Your task: The output should match, line for line, the records from the line containing "Charles Wesley hymn: Thou, Who" through the line containing "VELCRO Heavy Duty", with every picture left out.

Supplied records:
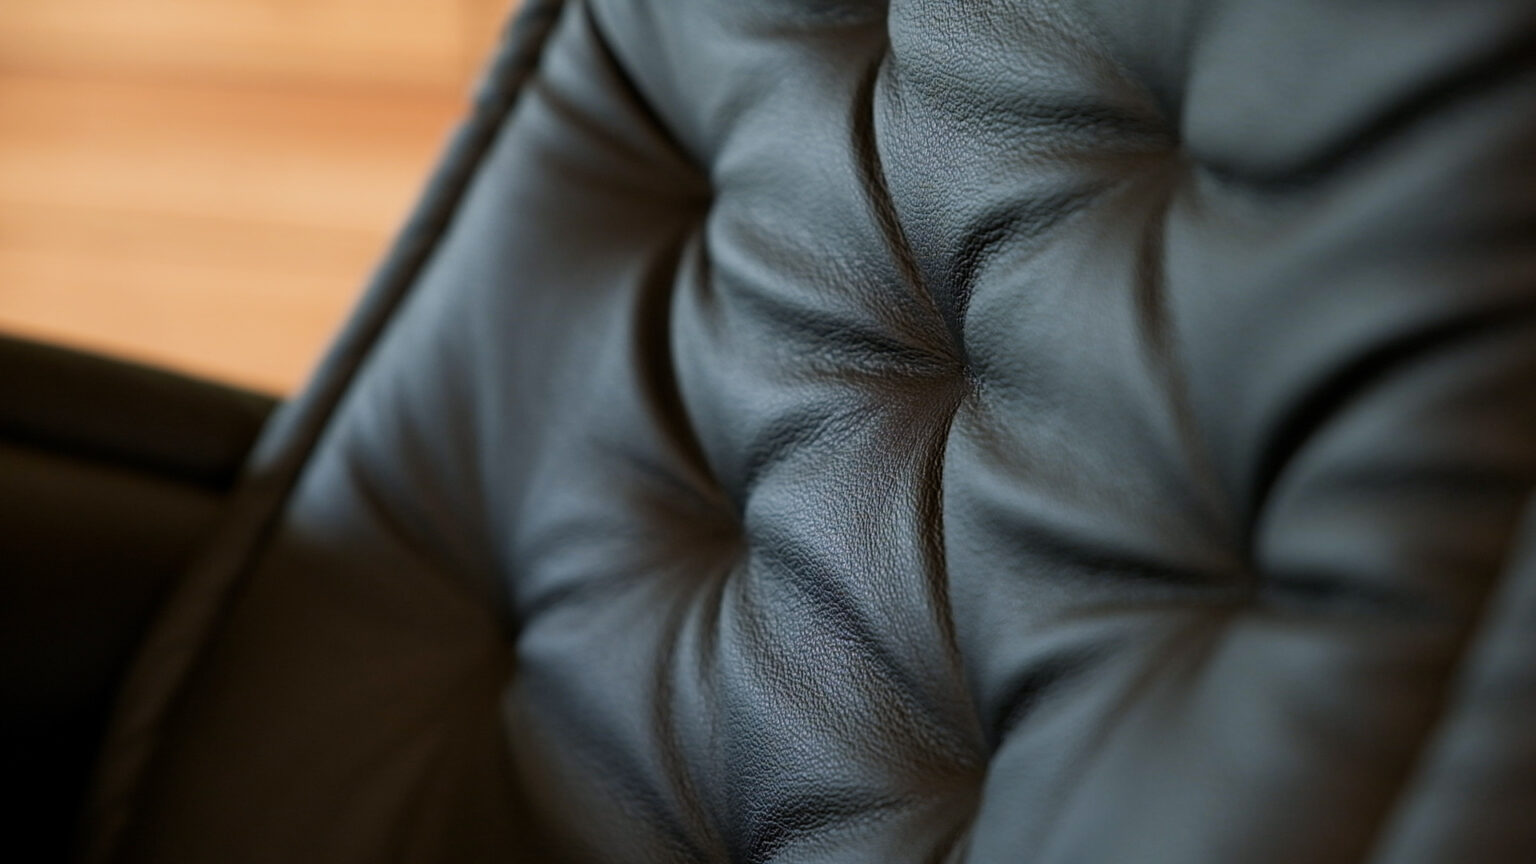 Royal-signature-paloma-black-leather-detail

---

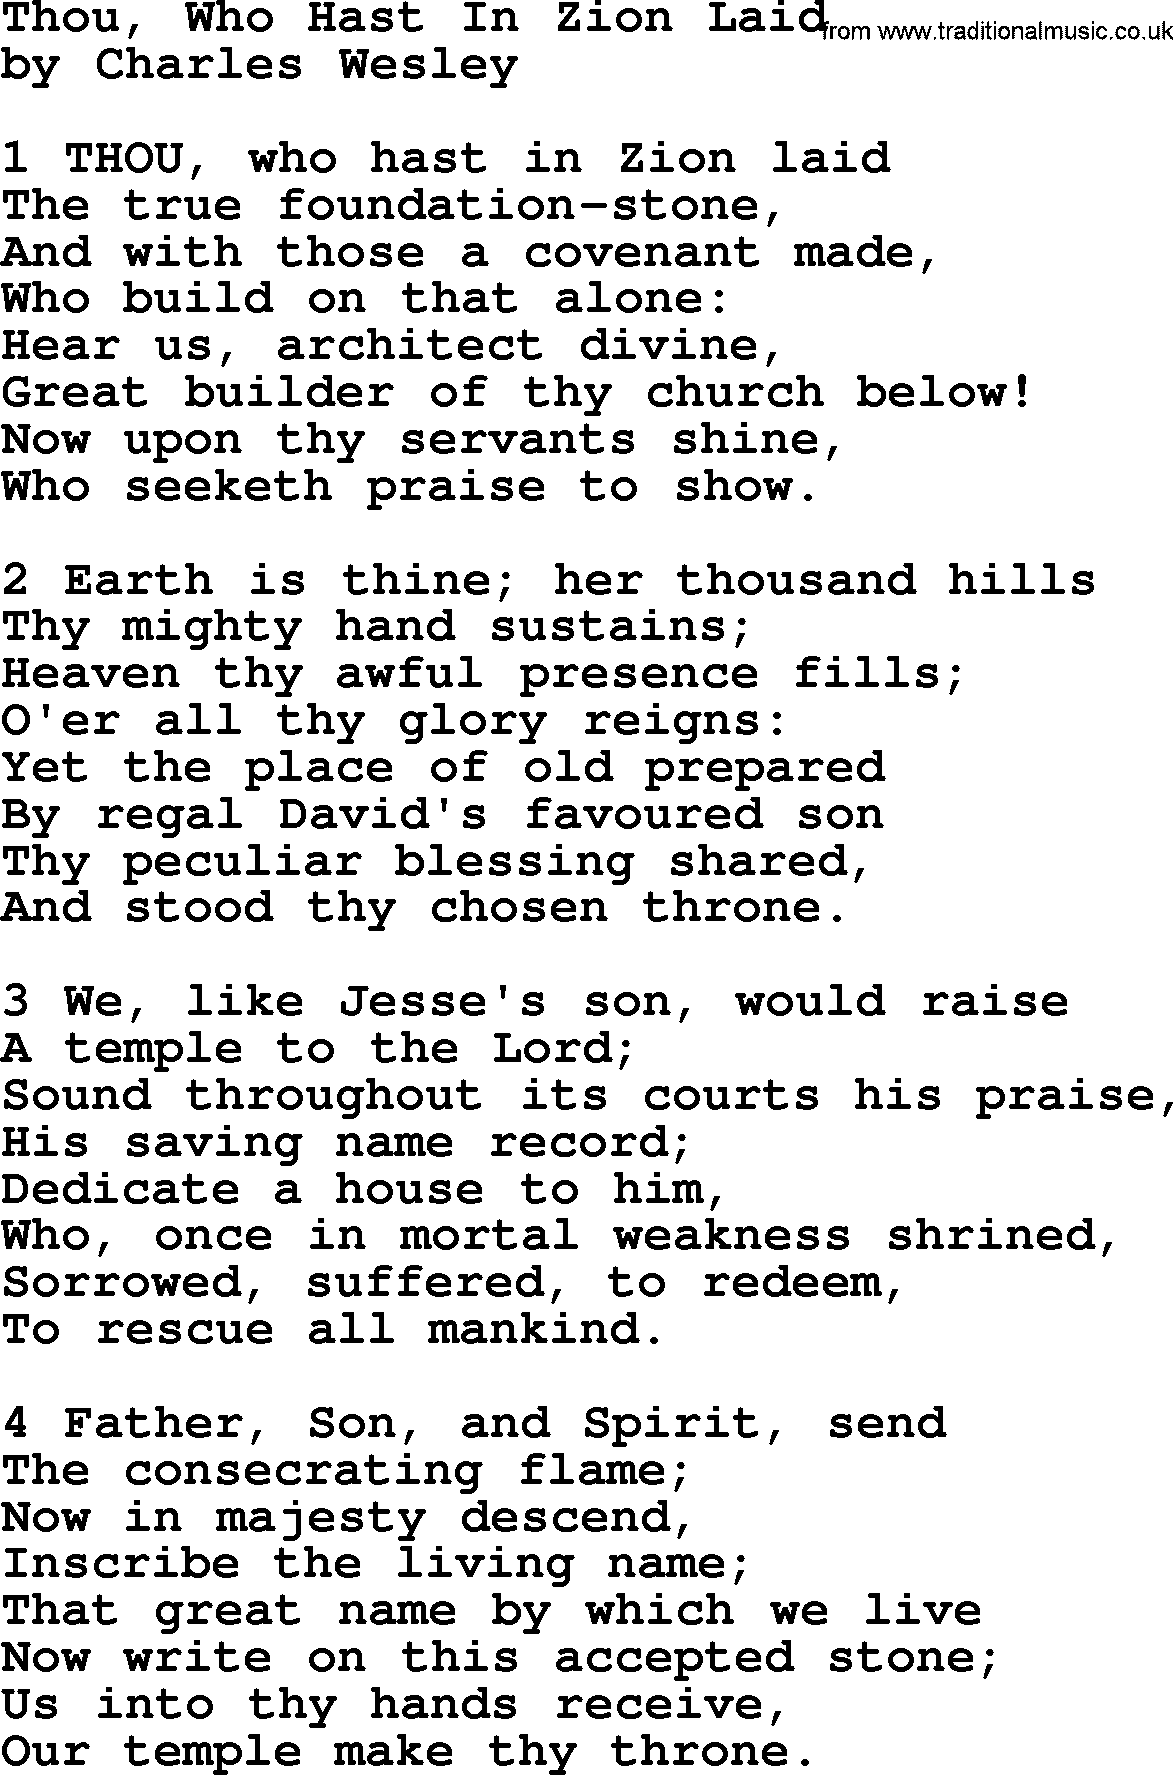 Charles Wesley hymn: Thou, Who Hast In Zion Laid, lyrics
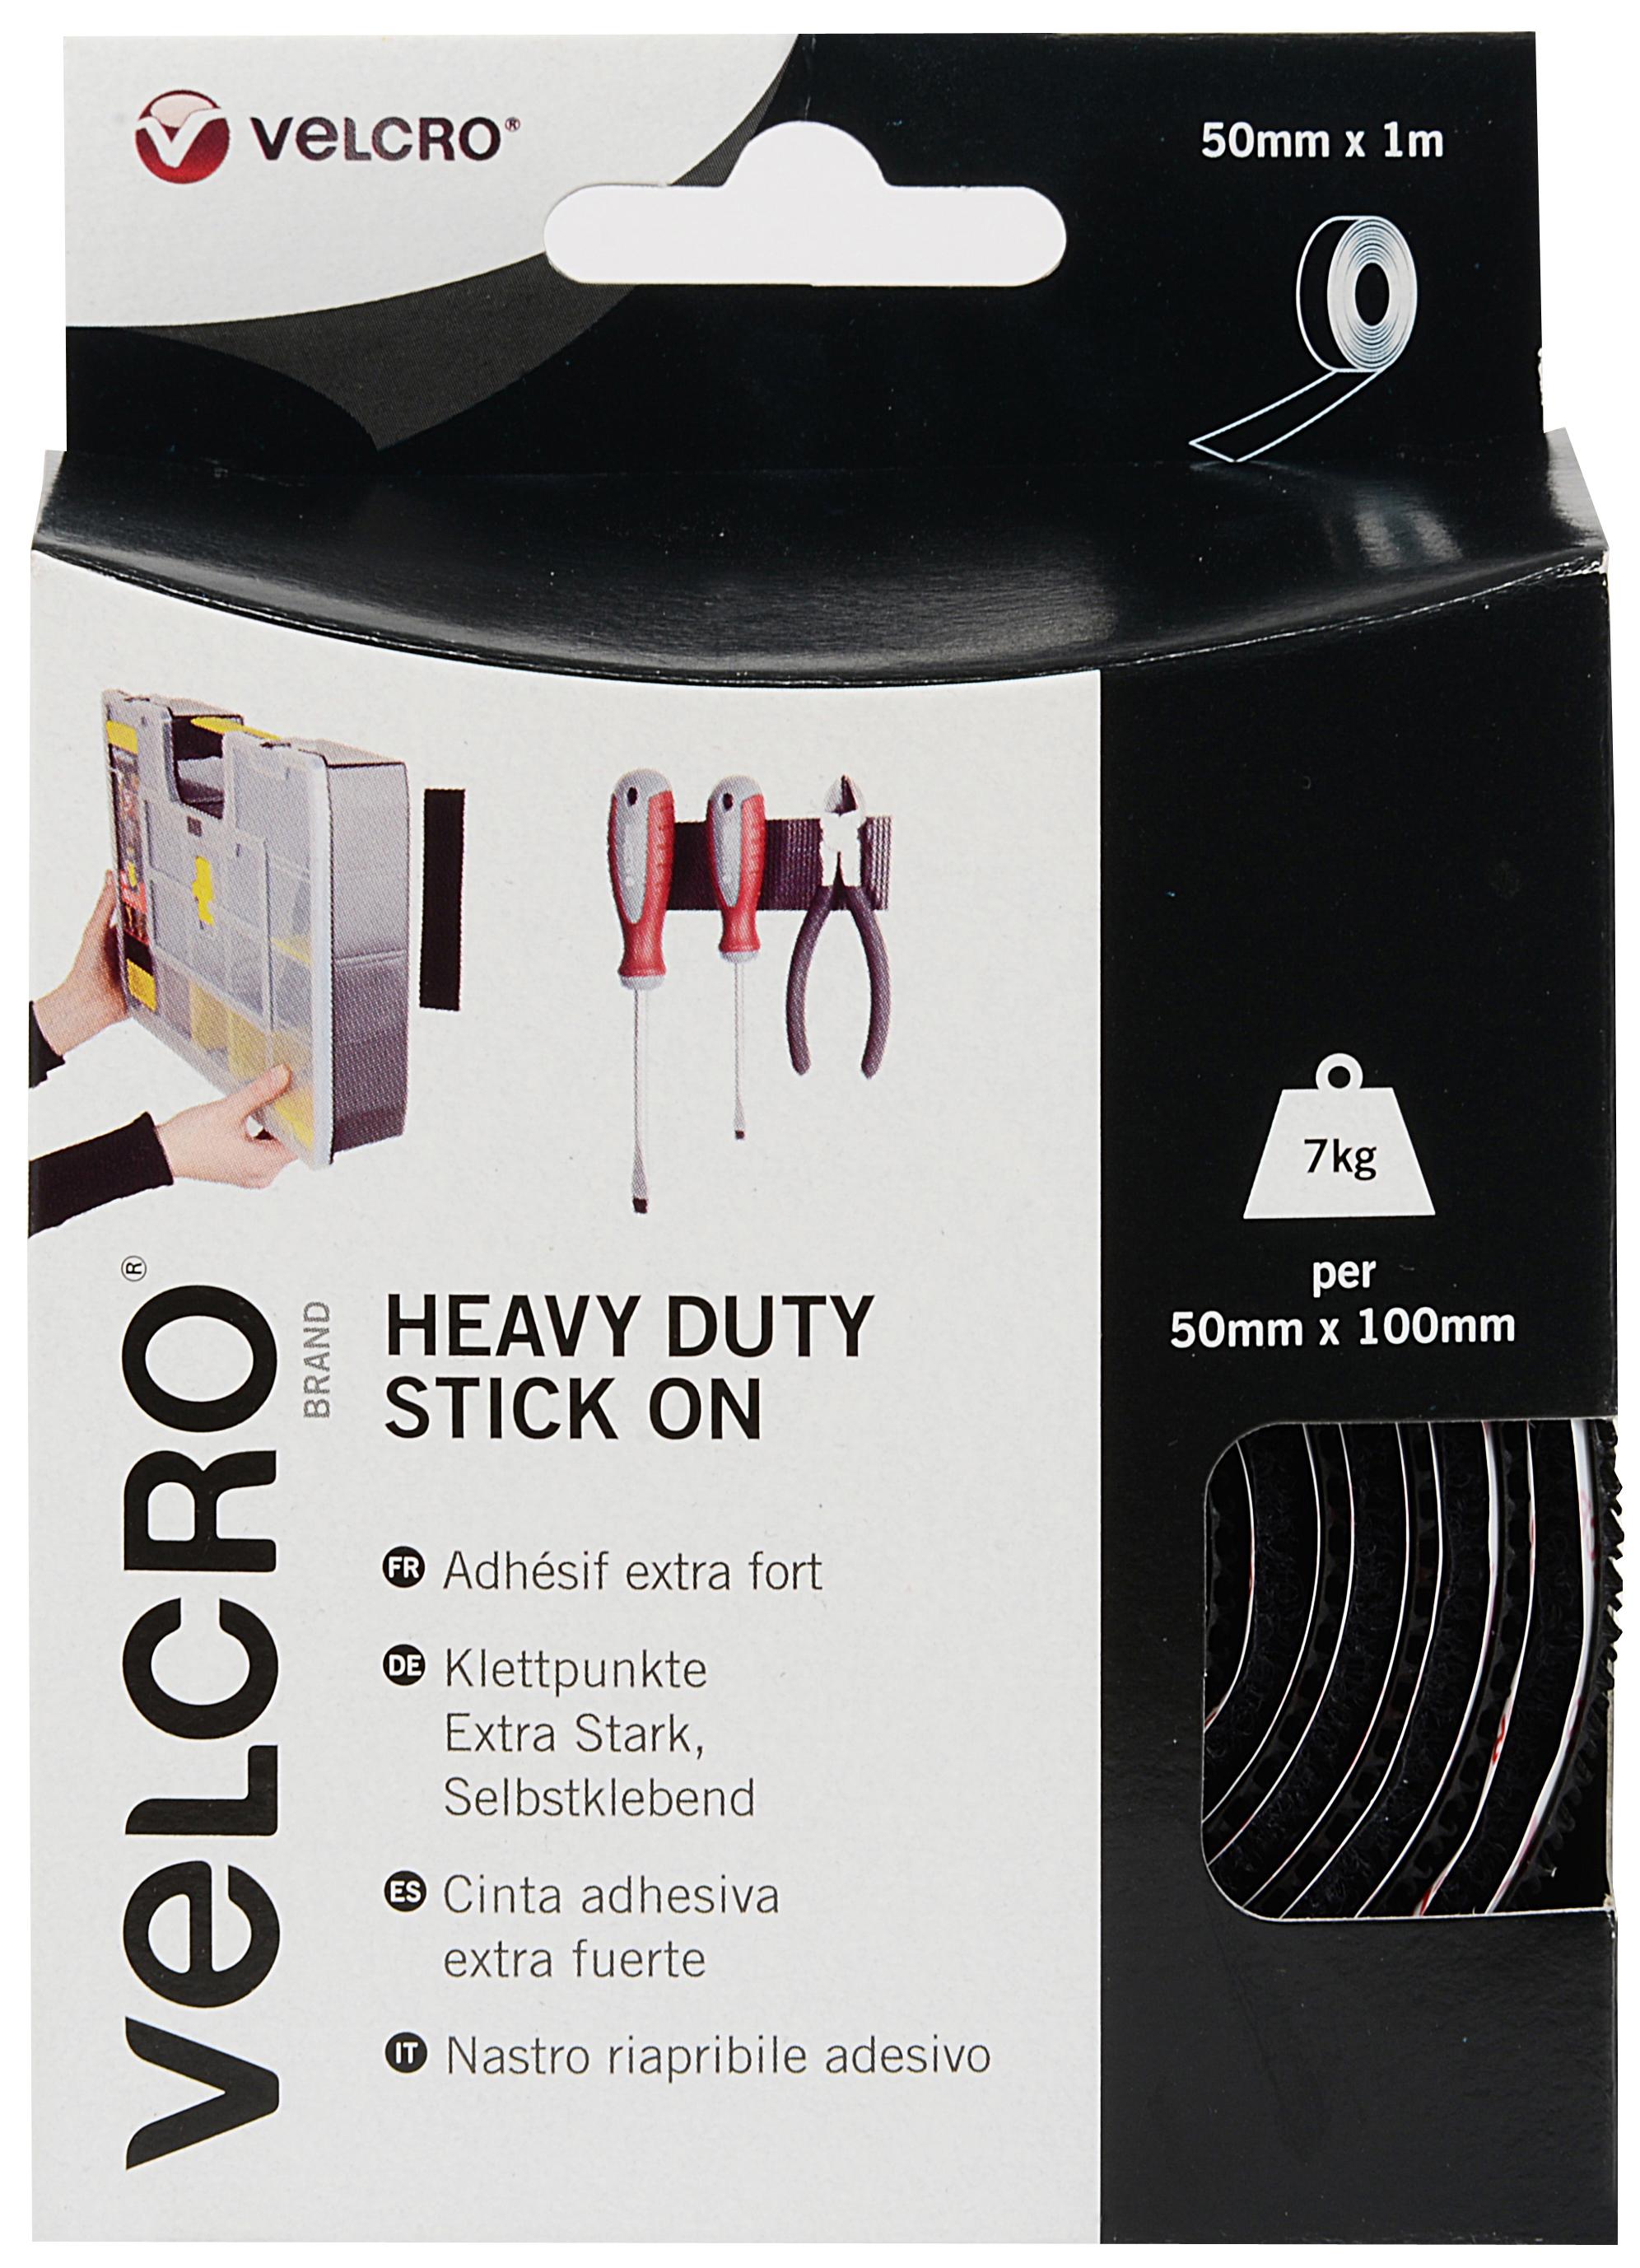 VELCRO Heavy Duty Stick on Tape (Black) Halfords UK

The completed task:
 Charles Wesley hymn: Thou, Who Hast In Zion Laid, lyrics
 VELCRO Heavy Duty Stick on Tape (Black) Halfords UK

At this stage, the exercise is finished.